> [INFORMATION PROVIDED]:
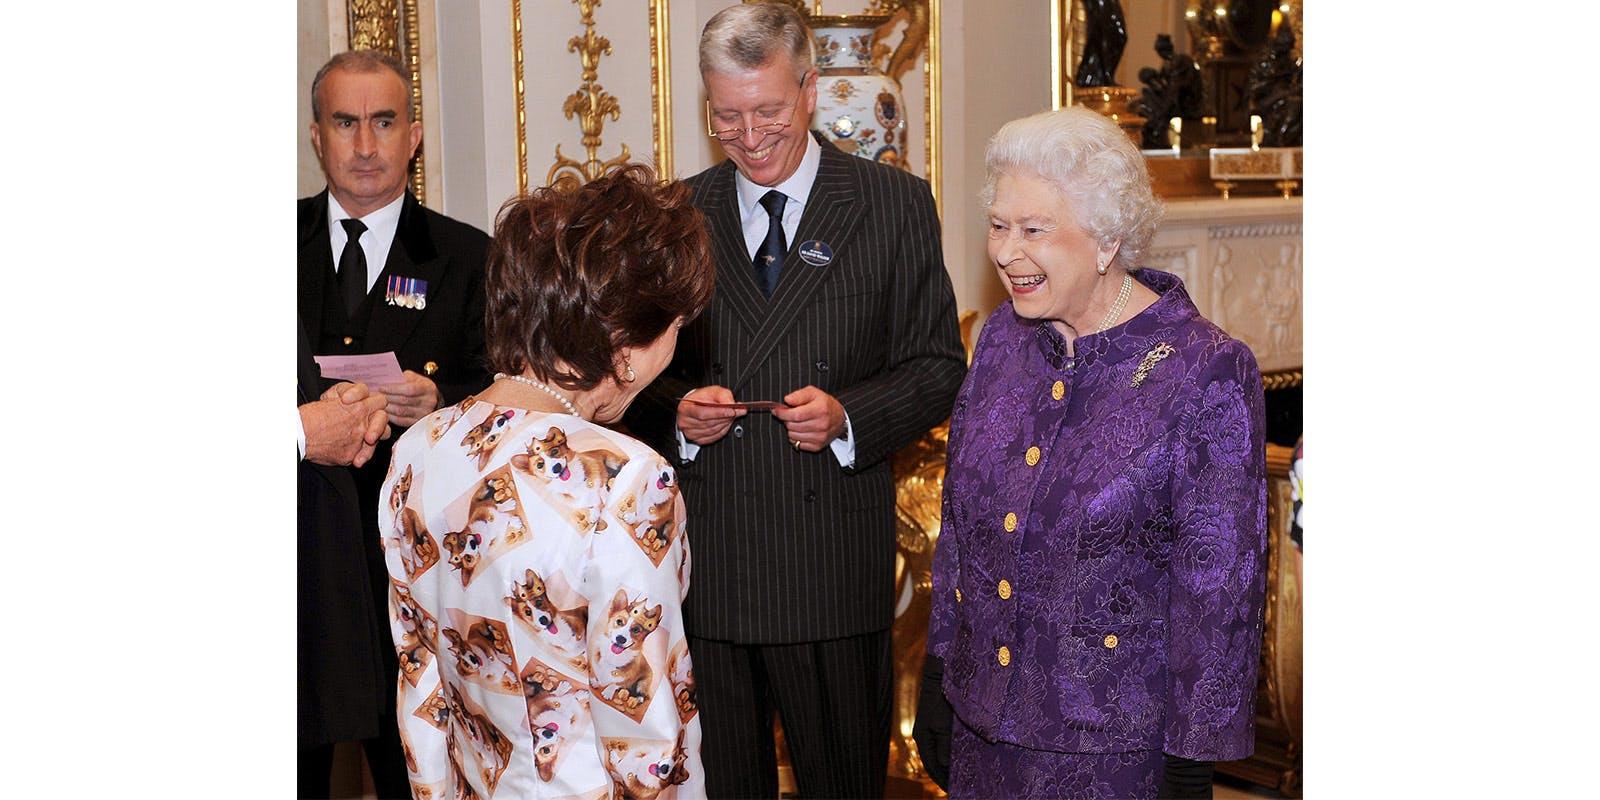 Kathy Lette meets the Queen
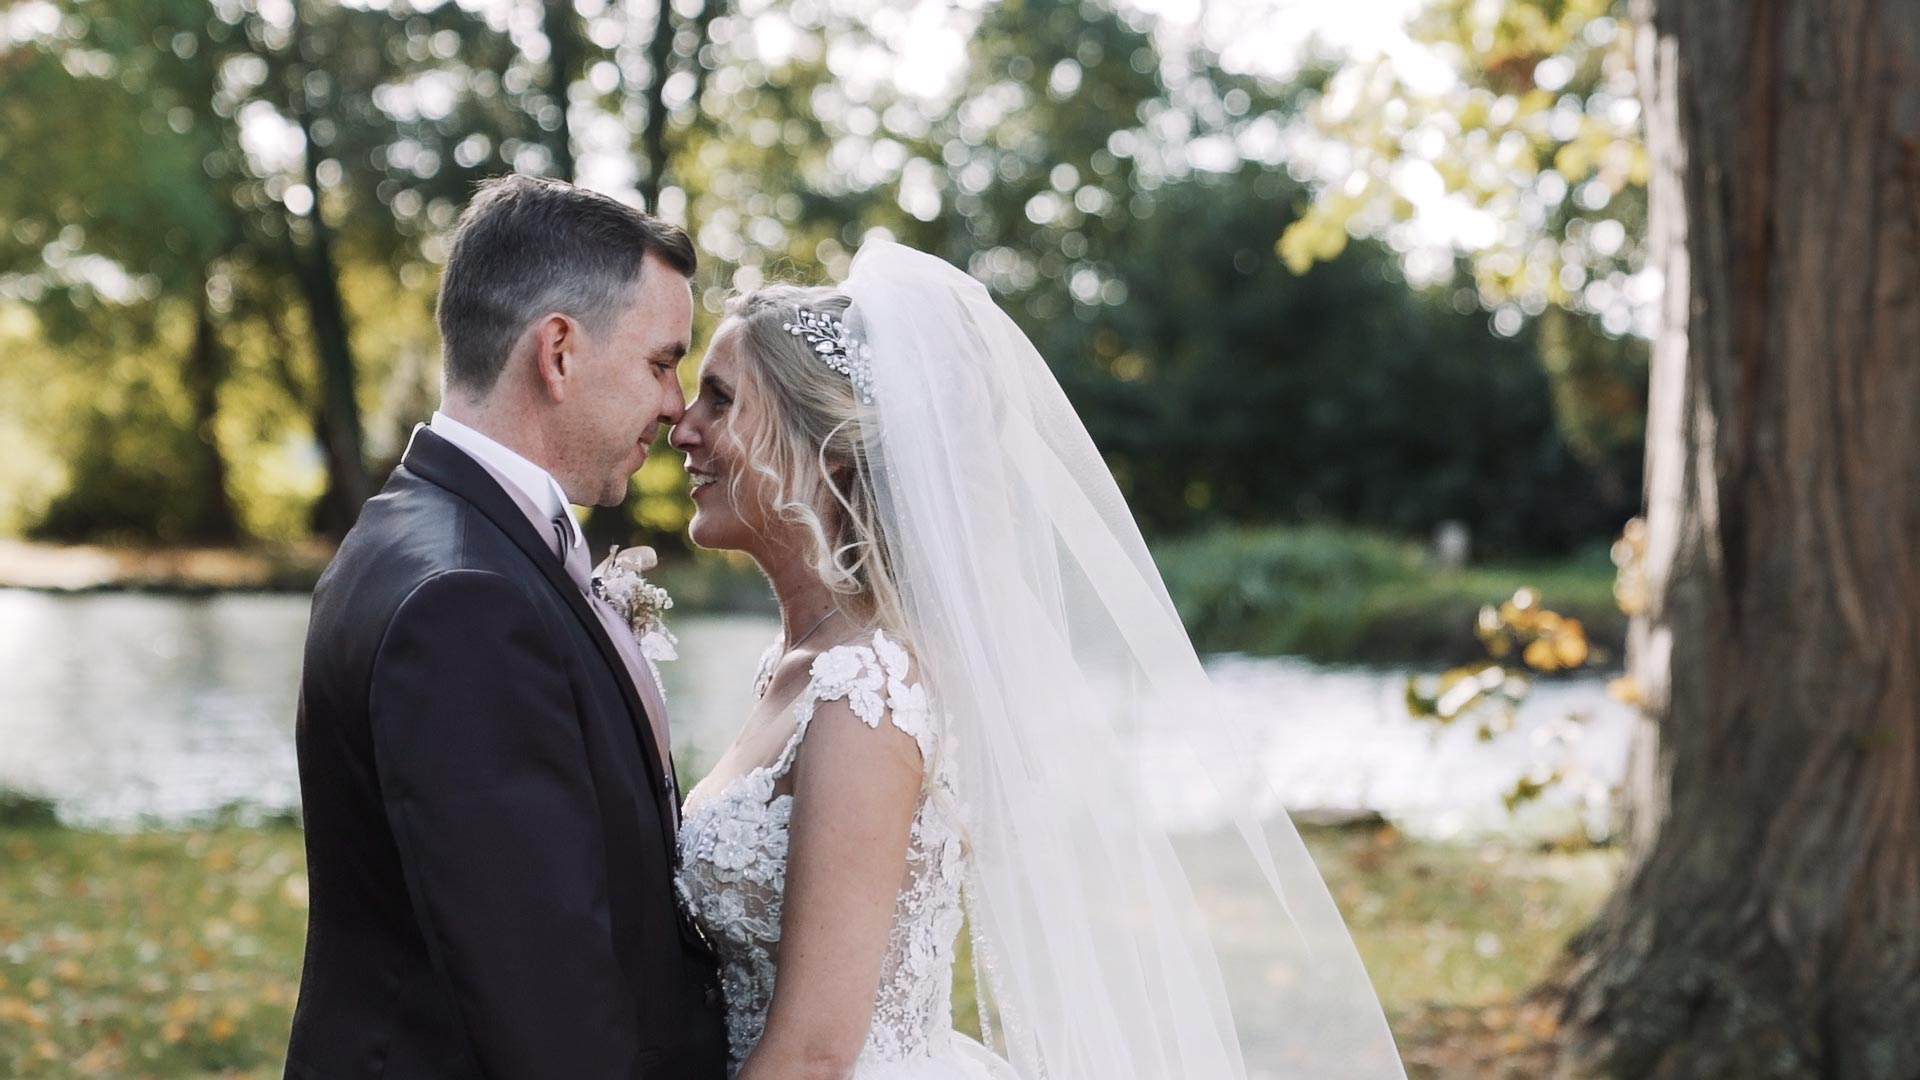 Pascal & Jenny Hochzeitsfilm Schloss Vettelhoven Videograf Hochzeit Filmemacher 013
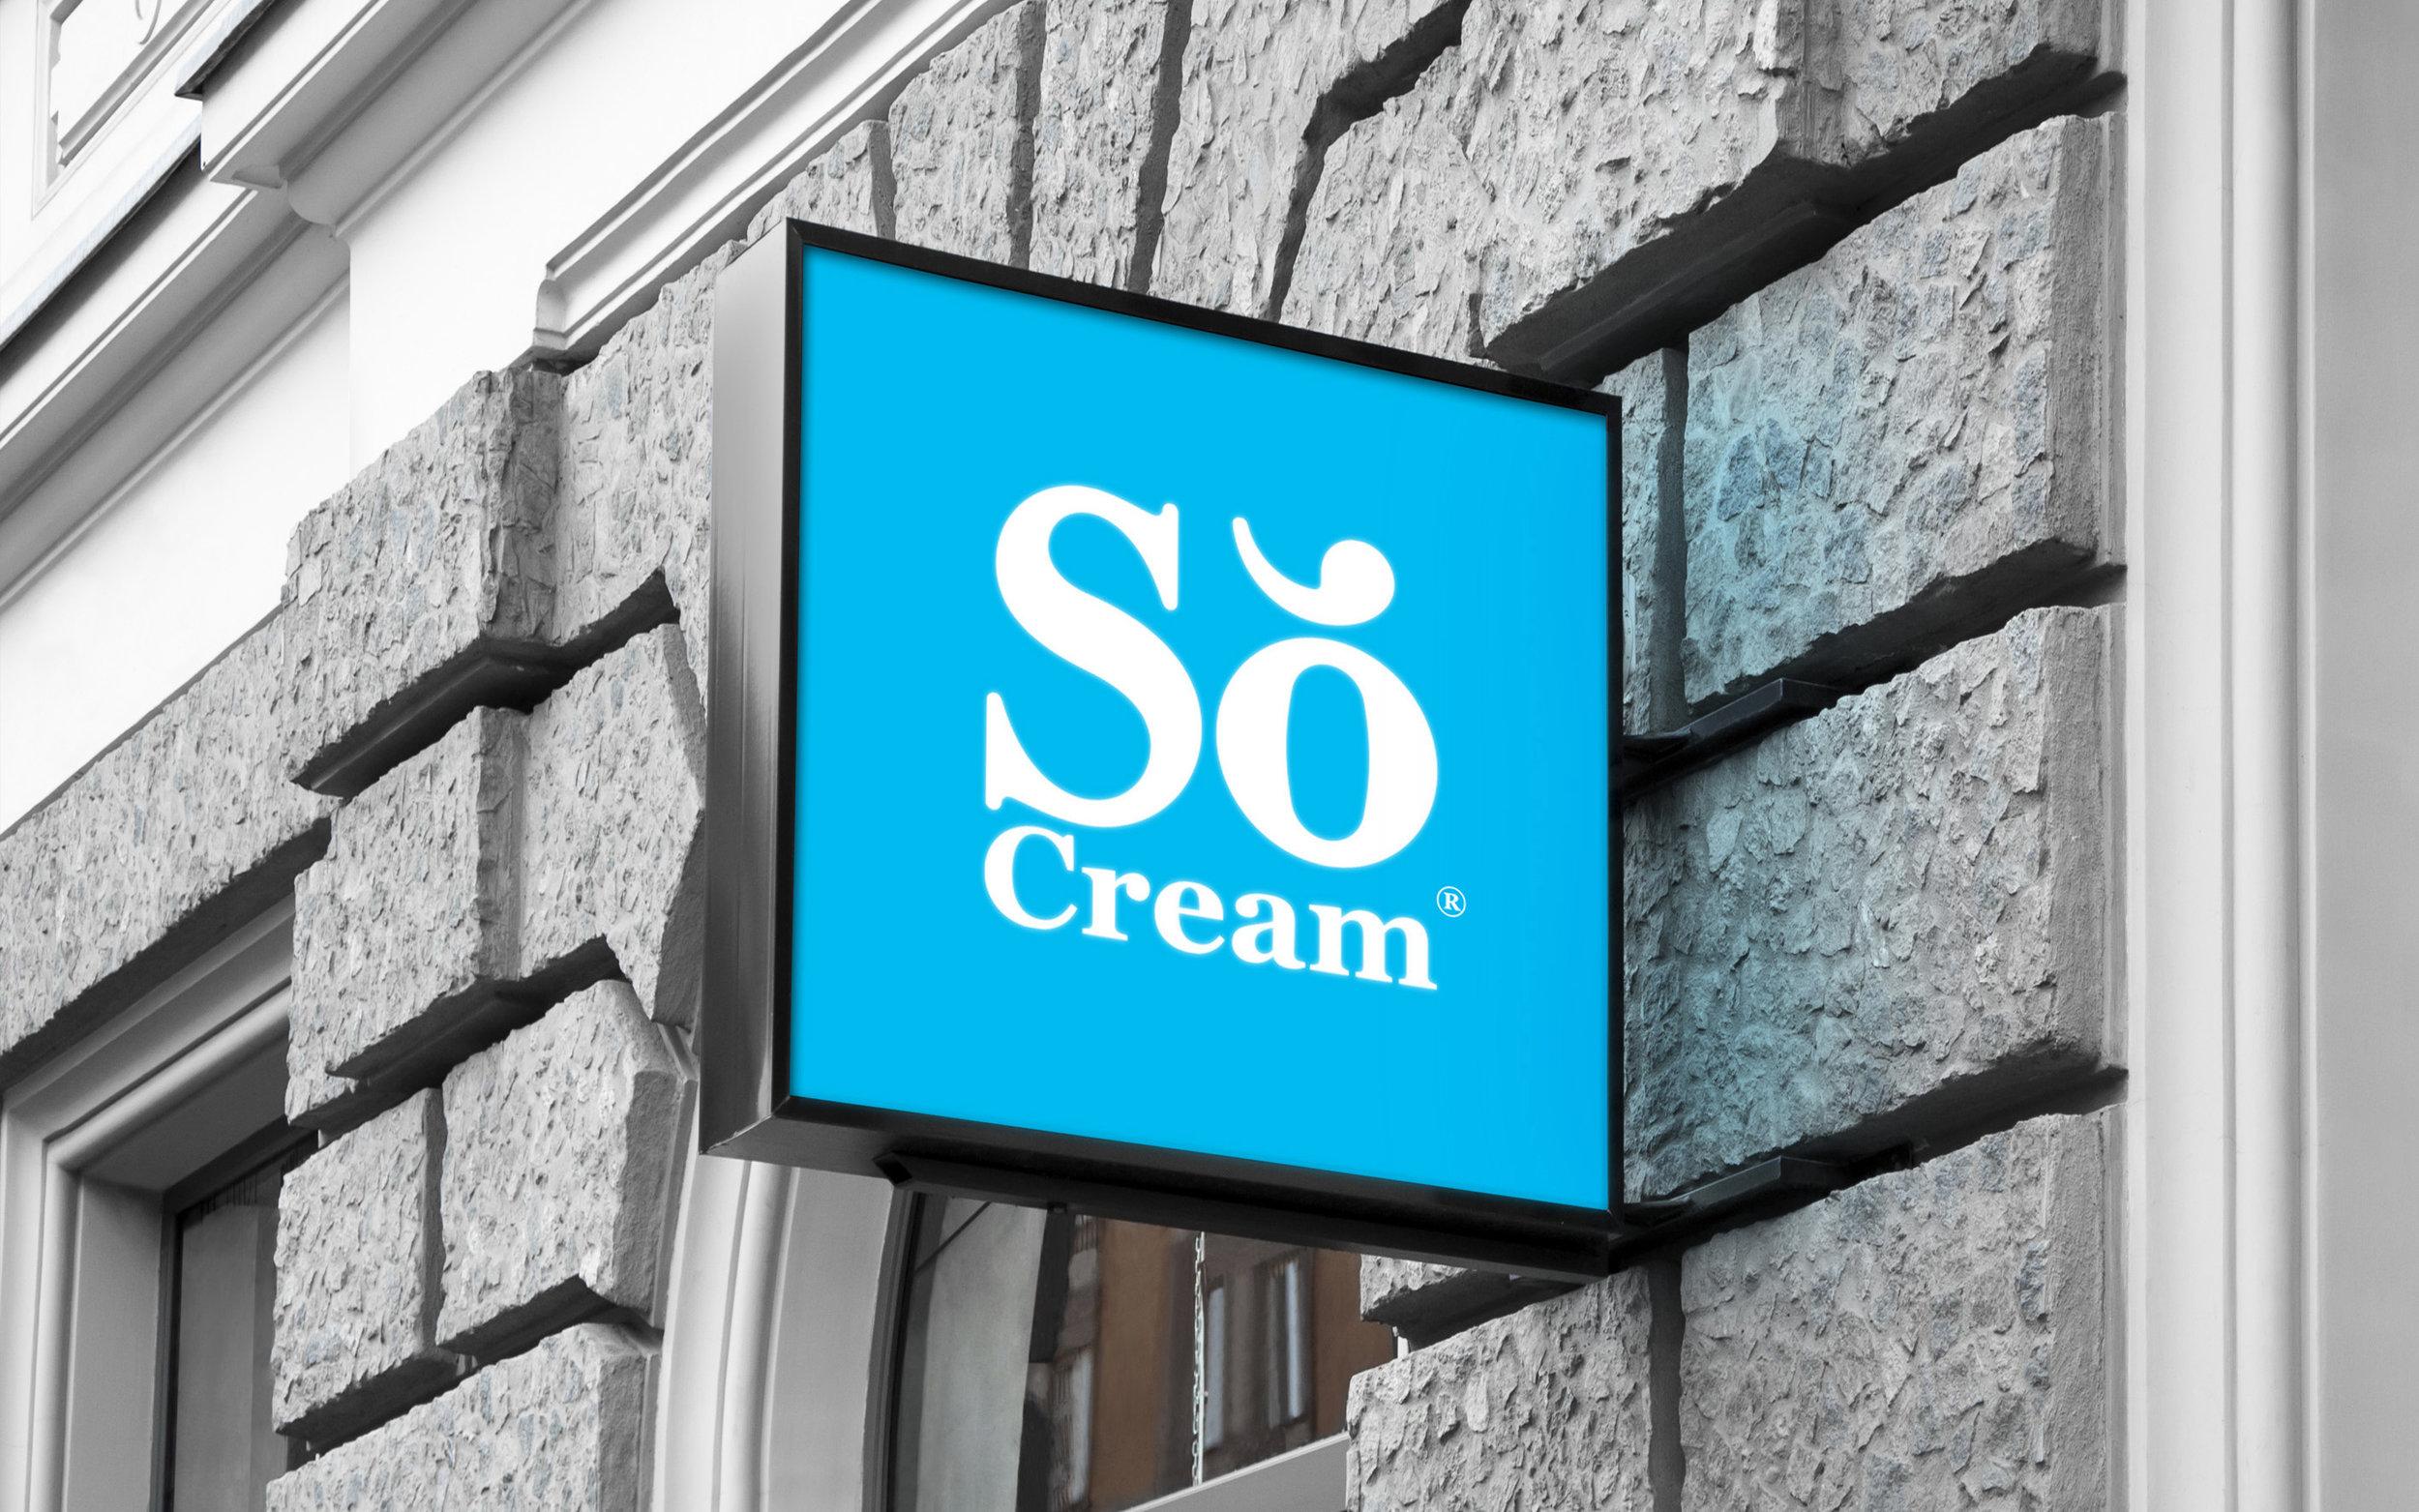 So Cream 7.jpg

> [EXERCISE BRIEF]:
With pictures omitted, copy exactly the lines from the one containing "Pascal & Jenny" through the final line of the listing, both included.

> [SOLUTION TO THIS PROBLEM]:
 Pascal & Jenny Hochzeitsfilm Schloss Vettelhoven Videograf Hochzeit Filmemacher 013
 So Cream 7.jpg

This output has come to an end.